Investigations Launched Into Ondansetron Following Patient Complications

COLOMBO (News 1st): The National Medicines Regulatory Authority (NMRA) has announced that an investigation has commenced to determine the quality of the drug Ondansetron, following reports of adverse complications.

Dr. Ananda Wijewickrama, Chairman of the NMRA, says that laboratory tests are currently being conducted at the Medical Research Institute in Borella and within the NMRA’s own laboratories.

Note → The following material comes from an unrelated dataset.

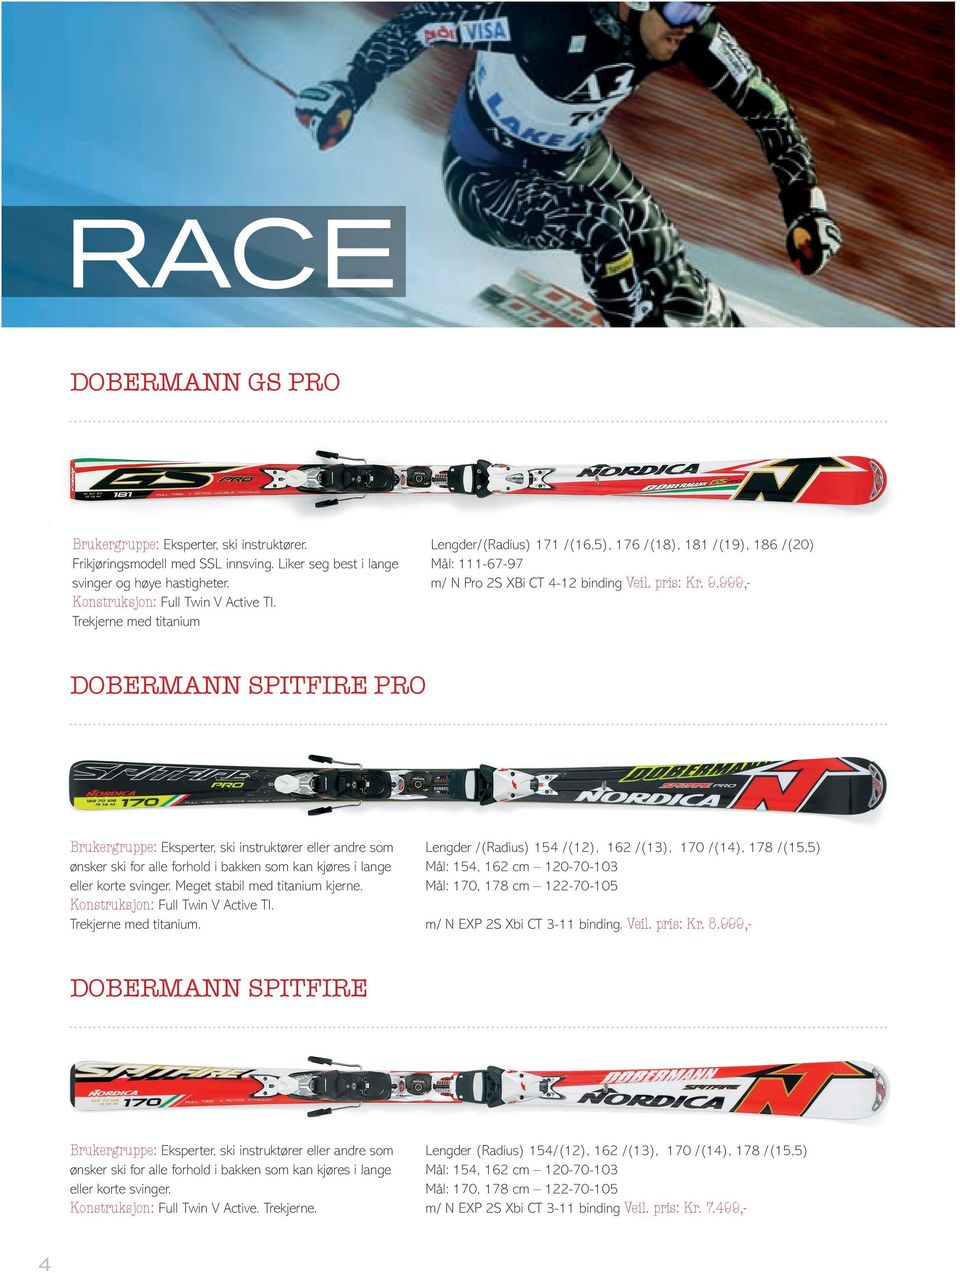 999,- DOBERMANN SPITFIRE PRO Brukergruppe: Eksperter, ski instruktører eller andre som ønsker ski for alle forhold i bakken som kan kjøres i lange eller korte svinger.

Additionally, the pharmaceutical company responsible for importing the drug has requested that samples also be tested at a laboratory overseas.

Meanwhile, the Ministry of Health has suspended the use of all types of injections produced by the Indian company that manufactured the Ondansetron batch in question.

The Director General of Health Services, Dr. Asela Gunawardena, noted that it has not yet been definitively confirmed whether recent deaths were caused by these injections. 

Ondansetron is a medication commonly administered to patients suffering from nausea and vomiting.

Complications were reported among patients at the Kandy National Hospital after receiving the injection December 12.

Subsequent testing of the vaccine samples of patient's blood samples also confirmed the presence of microorganisms.

Accordingly, Use of the specific controversial batch of Ondansetron was immediately suspended.

An inquiry has also been launched to determine if there is a link between the injection and the deaths of two patients at the National Institute of Infectious Diseases (IDH), who had also been administered the drug.